The issue is that Benning was so desperate to get rid of Eriksson’s cap hit for the 2021-22 season that he packaged him — as well as two other problematic contracts in Jay Beagle and Antoine Roussel — with the team’s 9th-overall pick in a trade to the Arizona Coyotes for Oliver Ekman-Larsson and Conor Garland.
That got Benning the top-six forward and top-four defenceman he was looking for and both players had decent enough seasons for the Canucks this past year.
The trouble is that Ekman-Larsson is 30 and likely to start declining in the near future. His cap hit, however, won’t be declining. He’ll cost the Canucks $7.26 million against the cap through the 2026-27 season.
If Eriksson’s contract had been structured in a different way, he potentially could have been bought out instead of being traded, freeing up that cap space to improve the Canucks’ defence and forwards in a way that didn’t evolve anchoring the team to a hefty cap hit for an aging defenceman for another five years.
Not to mention, the Canucks could have kept the 9th overall pick. That would have been nice.
Canucks' new management have to focus on the future
All of these issues with contract structure stemmed from a desire for short-term gain with little regard for the long-term pain they would cause.
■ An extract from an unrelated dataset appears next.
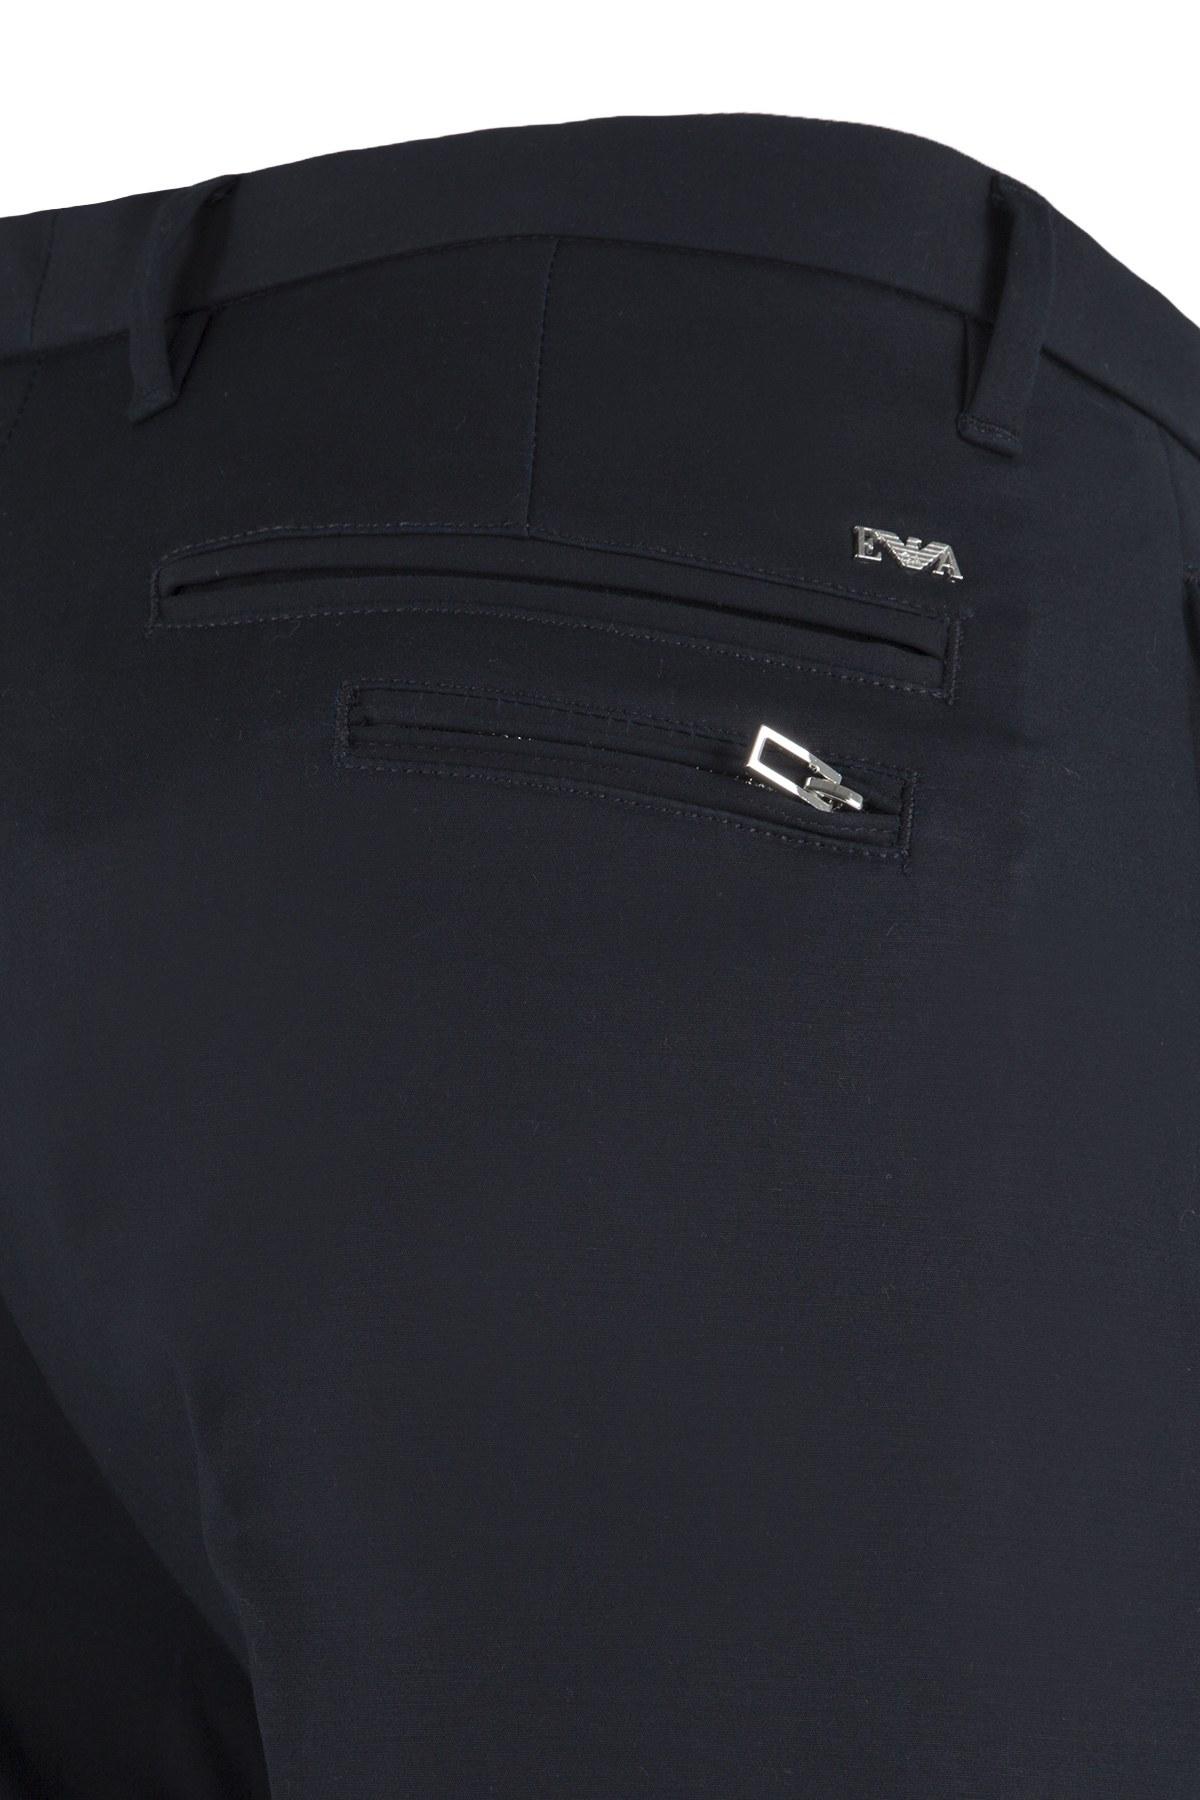 EMPORIO ARMANI Erkek Pantolon 6Z1PN6 1NGCZ 0922 LACİVERT

Holtby’s backloaded contract allowed Benning to bring in a big-name veteran that cost the Canucks as little as possible in the first year, where the team’s cash budget was affected by the COVID-19 pandemic. The team didn’t want to risk taking a step backwards by fully trusting in Demko in his first year as the number one and going with a cheaper backup.
Ironically, Holtby performed far worse than a cheaper backup would have and the team still took a step backward.
Halak’s bonus-laden contract again gave Benning a big-name veteran backup on a much cheaper cap hit, with little regard for the long-term consequences. Meanwhile, Spencer Martin, with a near-league-minimum $800,000 cap hit, significantly out-performed Halak when he was called up.
Boeser’s bridge contract was a way to keep his cap hit down as the team continued to spend to the cap each season and push for the playoffs. The negotiations came down to the wire at training camp and the backloaded structure was evidently the compromise needed to ensure Boeser didn’t miss the start of the season.
And, finally, Eriksson was another short-term move. The potential pain of the last few years of the contracts was dismissed because of the value he was supposed to bring in the first few years while playing with Daniel and Henrik Sedin.
That “win now” mentality resulted in very little winning in the here and now and it will make it harder to win in the future as well. As Jim Rutherford and Patrik Allvin work to build the Canucks for the future, they’ll need to avoid those types of structural issues in the contracts they hand out this offseason.